Strauss, who had been a prolific writer of songs for voice and piano as a young man, composed no songs from 1906 to 1918, focusing on opera. Following the completion of his opera Die Frau ohne Schatten, he returned to the genre and set six poems by the Romantic poet Clemens Brentano as Sechs Lieder.

Clemens Brentano, together with his friend and brother-in-law Achim von Arnim, is known for the folk poem collection Des Knaben Wunderhorn. Strauss set three poems from the collection, but for Sechs Lieder turned to Brentano's own lyric. Their imagery inspired him to virtuoso vocal composition and intricate piano writing.
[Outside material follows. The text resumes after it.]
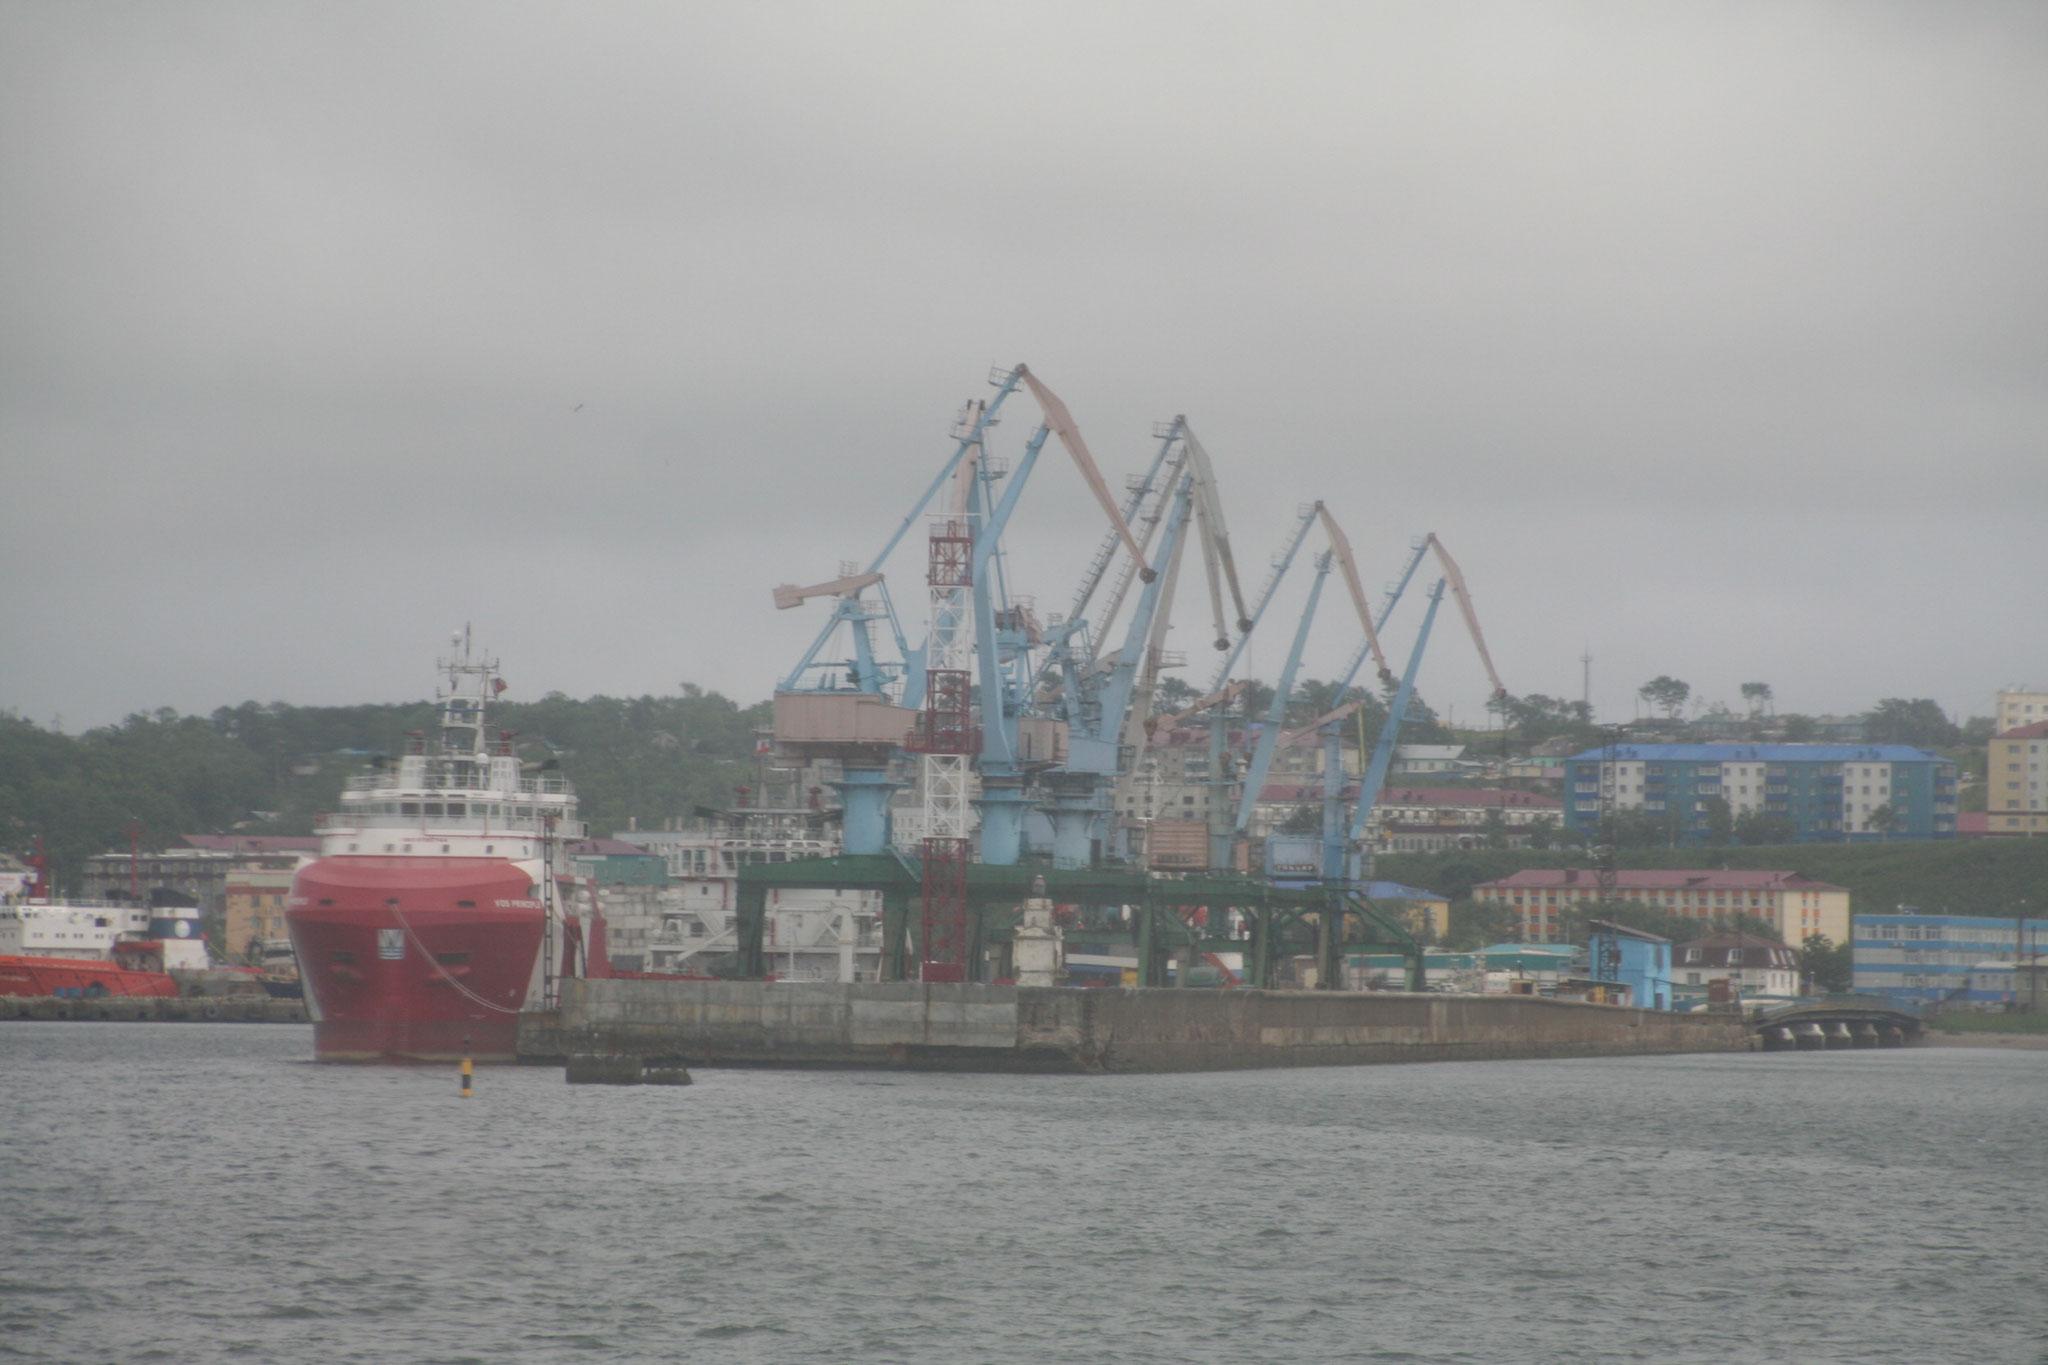 国際港 コルサコフ。

Strauss had the voice of Elisabeth Schumann in mind when he composed the songs, and dedicated the collection to her. While the central songs suit Schumann's light coloratura voice, the outer works require more dramatic expression. The Brentano Lieder became Strauss' most significant song collection before his Four Last Songs (1948). They were first published in Berlin in 1919 by Adolph Fürstner. The first five songs were first performed at the Berlin Singakademie on 30 May 1919 by Birgit Engell and pianist Georg Schumann, as part of the first festival Tonkünstlerfest of the association Allgemeiner Deutscher Musikverein after the World War, while the last one was premiered in Dresden on 29 September.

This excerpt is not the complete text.